Прижав кнопку звонка, Николай Семенович не отпускал ее до тех пор, пока в комнату не влетел секретарь.
— Хентова ко мне!
Через несколько минут появился Хентов, носатый, похожий на грача брюнет в мятой гимнастерке. Плохо затянутый командирский ремень скособочился под тяжестью крупнокалиберного кольта, голенища были слишком просторны для его тонких ног. Но Хентов никогда не был в управлении мишенью для насмешек, так как специалистом он был великолепным. «Такой выйдет в эфир на спичечном коробке да на паре женских шпилек», — говорили о нем радисты. За виртуозное мастерство Хентову прощалась и внешняя расхлябанность, и полное отсутствие чувства юмора.
— Как у тебя? — Гордеев не скрывал своего беспокойства.
Хентов пожал плечами.
— Люди дежурят в должном диапазоне, — негромко, чуть картавя, отвечал он, — заработает рация, сразу засечем.
— Ты адрес-то, часом, не перепутал?
— Зачем? — Хентов опять пожал плечами. — И сейчас хорошо помню.
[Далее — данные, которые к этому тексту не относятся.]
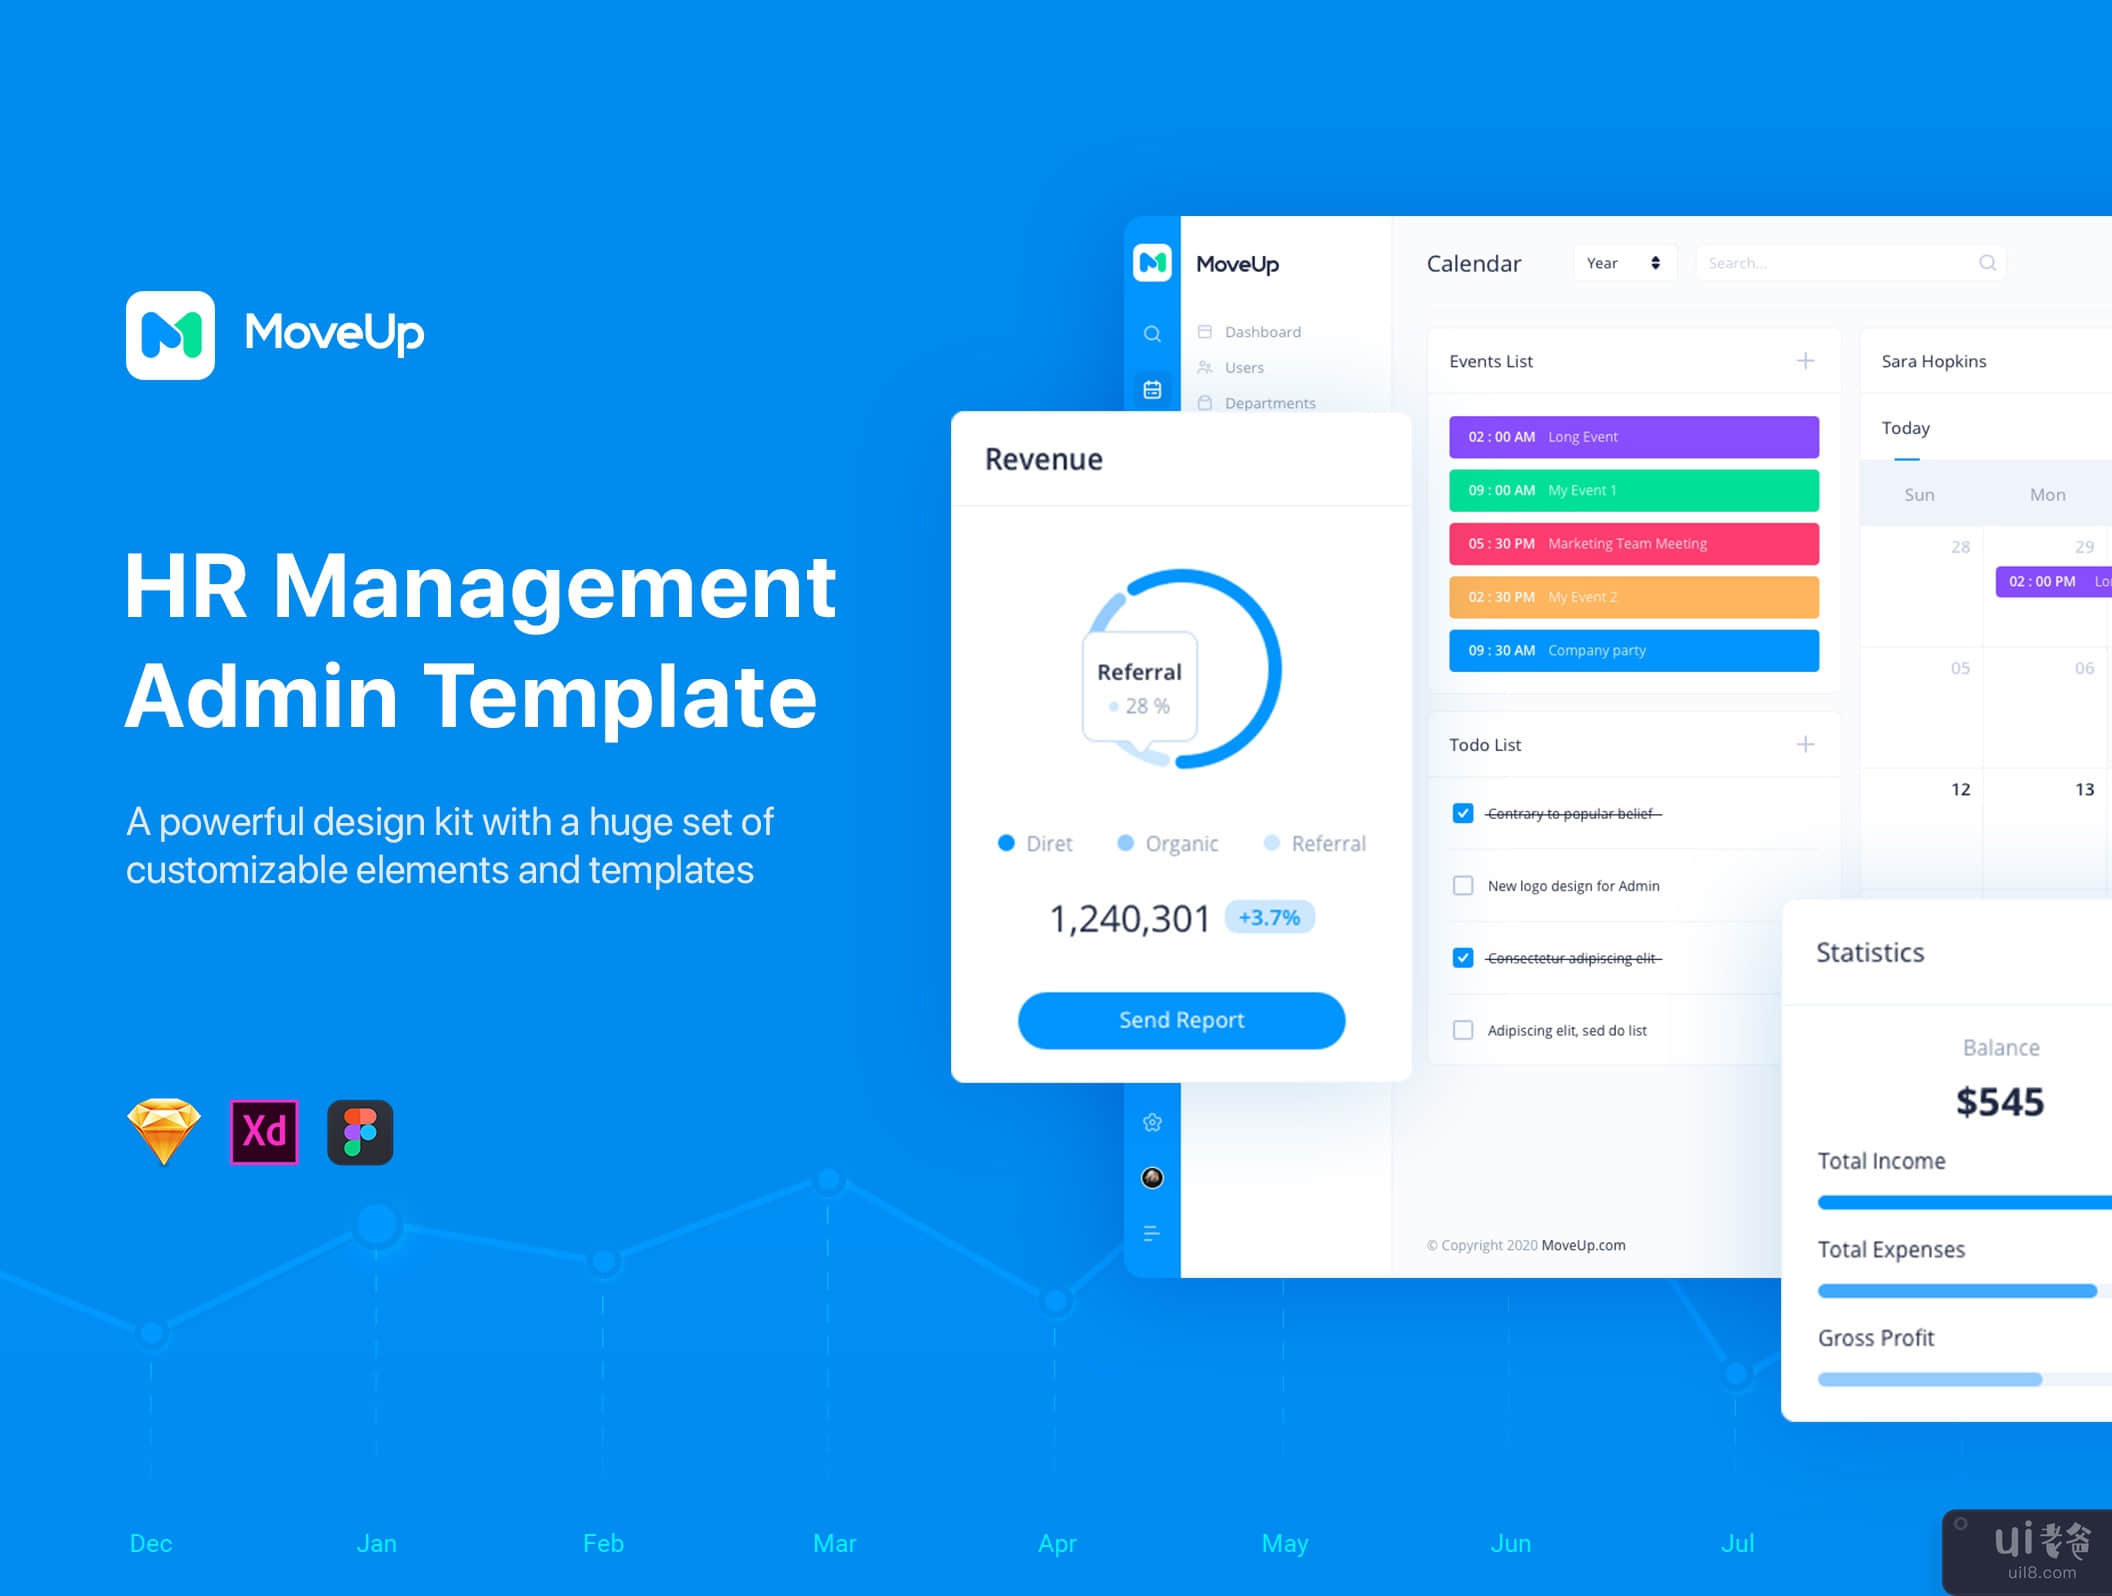 MoveUp - Sketch 的人力资源管理管理模板(MoveUp - HR Management Admin Template for Sketch)插图1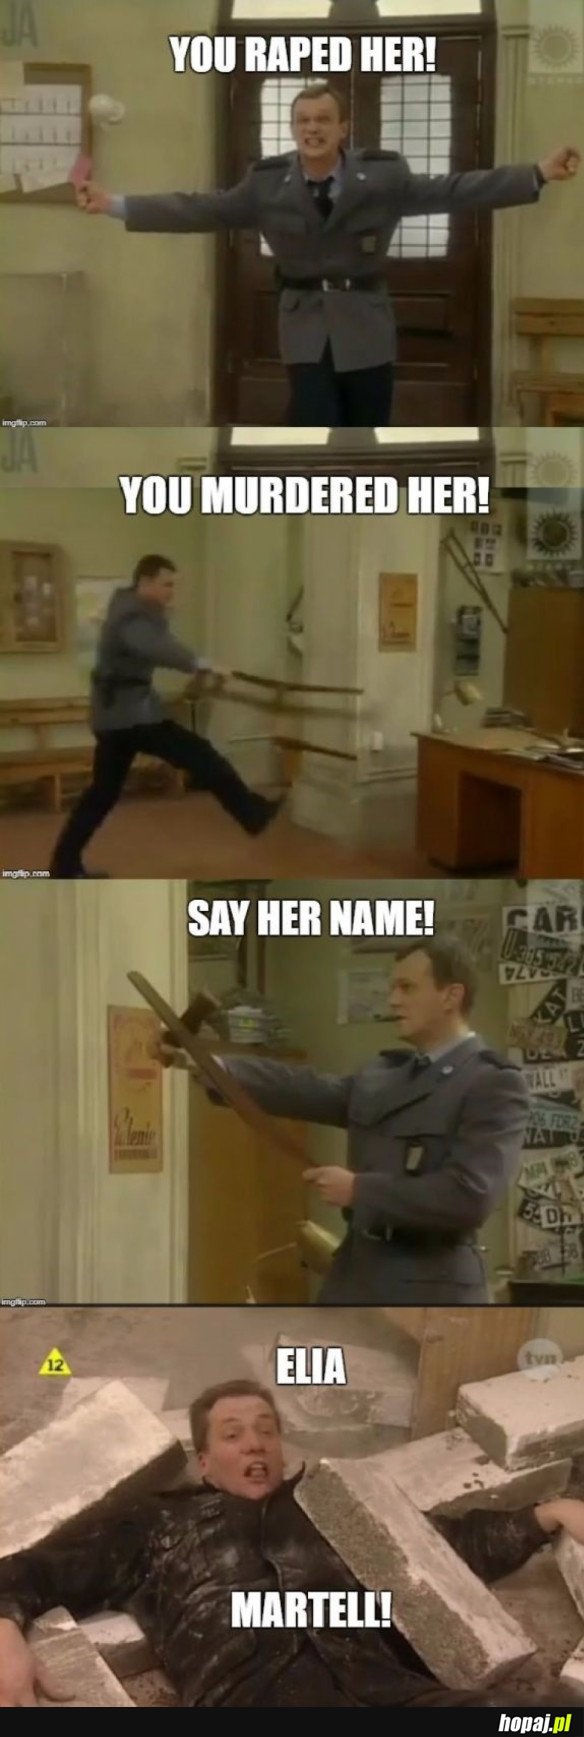 SAY HER NAME!

Третий Нижнеприютский, четырнадцать. Разрешите идти?
— Да, да, пожалуйста. И скажите там, чтобы Волкова ко мне прислали.
Хентов вышел, Анатолий Максимович появился почти тотчас же, видимо, ждал вызова. Сегодня он был в штатском.
— Ты готов?
— Так точно, — Волков привычно вытянулся. — Киреев, Бероев, Онищенко, Горчакова.
— Не простит тебе Юсуф, что девушку на такую операцию берешь, — скупо улыбнулся Гордеев. — Да ты садись. Все равно мне первому сообщат.
— Что вы, Николай Семенович, — опускаясь в кресло, ответил Волков. — Юсуф гордиться будет. Горчакова в адресном неплохо себя показала, здесь посерьезнее дело будет. Хотя для нее опасности нет, дальше хозяйки ходить ей незачем.
— Слушай, — несколько смущенно начал Гордеев, — а как вообще у них. Ну... с Горчаковой? Ты не думай, Максимыч, я не потому спрашиваю, Юсуфу, как сыну, верю; просто хочется, чтоб у ребят было по-настоящему хорошо, а поговорить — спугнешь еще, обидишь...
— Смешные они, — Волков улыбнулся. — Друг от друга прячутся, таятся, а со стороны — оба как на ладони. Смотреть на них завидно.
Большие кабинетные часы — гордость начальника хозяйственной части, недавно появившиеся в комнатах второго этажа, пощелкивали словно все реже и реже. Казалось, что маятник сдает темп.
— Тошно до чего так сидеть, — не выдержал Анатолий Максимович.
— Куда уж, — начальник кивнул. — Только ему сейчас того тошнее. Как думаешь, возьмем без стрельбы?!
— Кто-о их знает, — уклончиво протянул Волков. — Мужики вроде тертые. Постараемся.
Вдруг распахнулась дверь, и Хентов, еще более растрепанный, чем полчаса назад, появился на пороге.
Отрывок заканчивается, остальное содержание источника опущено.